Member of the Kansas Senate from the 33rd district
- In office January 8, 2001 – January 14, 2013
- Preceded by: Laurie Bleeker
- Succeeded by: Mitch Holmes

Personal details
- Born: January 2, 1943 (age 83) Wichita, Kansas, U.S.
- Party: Republican
- Spouse: Dennis Teichman
- Children: 4
- Profession: farmer, banker

= Ruth Teichman =

American politician

Ruth Teichman (born January 2, 1943) is a former Republican member of the Kansas Senate, representing the 33rd district from 2001 to 2013. She was previously a member of the Stafford Board of Education for 20 years.

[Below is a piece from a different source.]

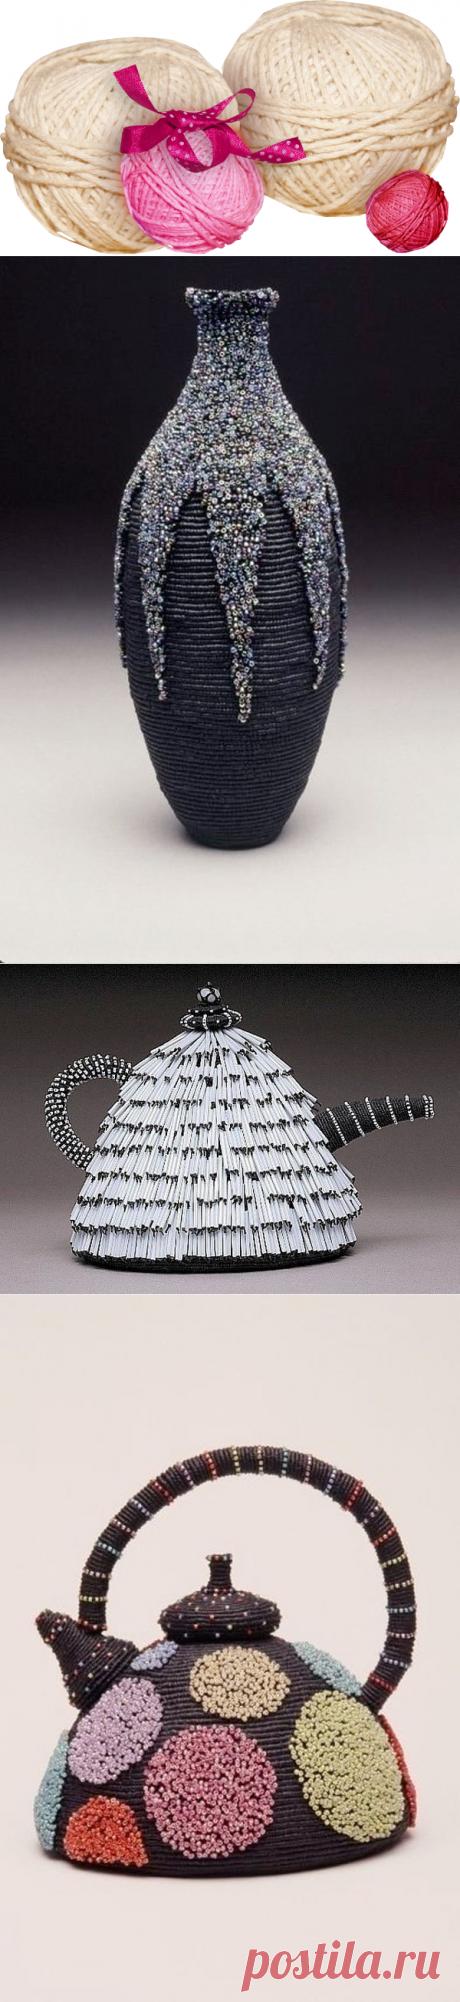 Las esculturas insólitas en la técnica del macramé

A farmer and a banker from Stafford, she is married to Dennis Teichman.

==Committee assignments==
Teichman served on these legislative committees:
- Financial Institutions and Insurance (chair)
- Natural Resources (vice-chair)
- Education
- Organization, Calendar and Rules
- Joint Committee on Pensions, Investments and Benefits
- Ways and Means

==Major donors==
Some of the top contributors to Teichman's 2008 campaign, according to the National Institute on Money in State Politics:
 Ruth Teichman (self-finance), Kansas Association of Realtors, Koch Industries, Kansas National Education Association, Kansas Hospital Association, American Family Insurance, Farmers Insurance Group

Financial, insurance and real estate companies were her largest donor group.

==Elections==
Teichman was defeated by Mitch Holmes by a 7,635-6,762 margin in the Republican Primary on Aug. 7, 2012. Seven of eight moderate state senate Republicans, including Morris, targeted by the Koch brothers, were defeated in the 2012 Republican primary, giving incumbent Governor Sam Brownback the margin he needed to effectively restructure state taxation, exempting "S" status filers such as Koch Industries from income taxes.